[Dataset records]
* * * * * * * * *

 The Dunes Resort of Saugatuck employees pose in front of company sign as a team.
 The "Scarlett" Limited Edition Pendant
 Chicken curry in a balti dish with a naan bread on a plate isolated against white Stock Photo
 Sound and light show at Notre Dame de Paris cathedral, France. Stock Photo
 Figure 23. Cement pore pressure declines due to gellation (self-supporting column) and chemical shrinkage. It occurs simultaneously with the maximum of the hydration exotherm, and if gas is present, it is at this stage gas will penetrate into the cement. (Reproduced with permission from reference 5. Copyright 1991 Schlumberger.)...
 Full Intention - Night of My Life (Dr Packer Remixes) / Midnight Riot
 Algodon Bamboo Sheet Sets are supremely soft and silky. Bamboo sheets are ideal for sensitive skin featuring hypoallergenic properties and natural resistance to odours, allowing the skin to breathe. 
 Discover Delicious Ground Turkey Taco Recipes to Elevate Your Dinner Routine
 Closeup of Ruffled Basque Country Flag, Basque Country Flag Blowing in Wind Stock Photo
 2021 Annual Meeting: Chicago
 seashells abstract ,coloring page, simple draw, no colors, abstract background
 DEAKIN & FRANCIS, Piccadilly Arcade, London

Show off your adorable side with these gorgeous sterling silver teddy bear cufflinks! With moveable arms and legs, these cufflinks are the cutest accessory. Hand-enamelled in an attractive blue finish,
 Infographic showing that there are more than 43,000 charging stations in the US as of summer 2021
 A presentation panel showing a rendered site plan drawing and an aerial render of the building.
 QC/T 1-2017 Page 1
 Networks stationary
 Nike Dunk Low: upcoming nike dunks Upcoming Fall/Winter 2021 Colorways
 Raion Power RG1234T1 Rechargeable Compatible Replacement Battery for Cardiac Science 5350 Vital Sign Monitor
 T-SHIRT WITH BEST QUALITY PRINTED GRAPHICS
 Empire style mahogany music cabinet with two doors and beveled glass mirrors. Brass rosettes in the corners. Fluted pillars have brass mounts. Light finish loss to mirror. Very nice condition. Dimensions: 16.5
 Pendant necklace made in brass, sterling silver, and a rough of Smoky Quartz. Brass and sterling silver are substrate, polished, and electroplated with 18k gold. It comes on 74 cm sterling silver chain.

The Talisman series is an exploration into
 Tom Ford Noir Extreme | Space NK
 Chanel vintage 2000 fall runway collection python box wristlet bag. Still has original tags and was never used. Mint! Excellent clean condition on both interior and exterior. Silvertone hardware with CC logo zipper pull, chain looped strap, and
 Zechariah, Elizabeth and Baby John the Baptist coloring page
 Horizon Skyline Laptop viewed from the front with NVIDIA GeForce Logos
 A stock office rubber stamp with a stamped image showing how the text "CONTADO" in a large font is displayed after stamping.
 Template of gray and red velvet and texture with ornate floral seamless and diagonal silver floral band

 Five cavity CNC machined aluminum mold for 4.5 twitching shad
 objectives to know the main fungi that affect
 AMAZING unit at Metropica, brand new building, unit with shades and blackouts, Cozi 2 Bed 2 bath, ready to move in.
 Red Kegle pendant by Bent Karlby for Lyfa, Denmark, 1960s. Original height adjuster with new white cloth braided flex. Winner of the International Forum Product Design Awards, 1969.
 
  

* * * * * * * * *

Exercise ▸
Report the number of lines in the records above that include "white", leaving out any other words.

Answer space ▸
2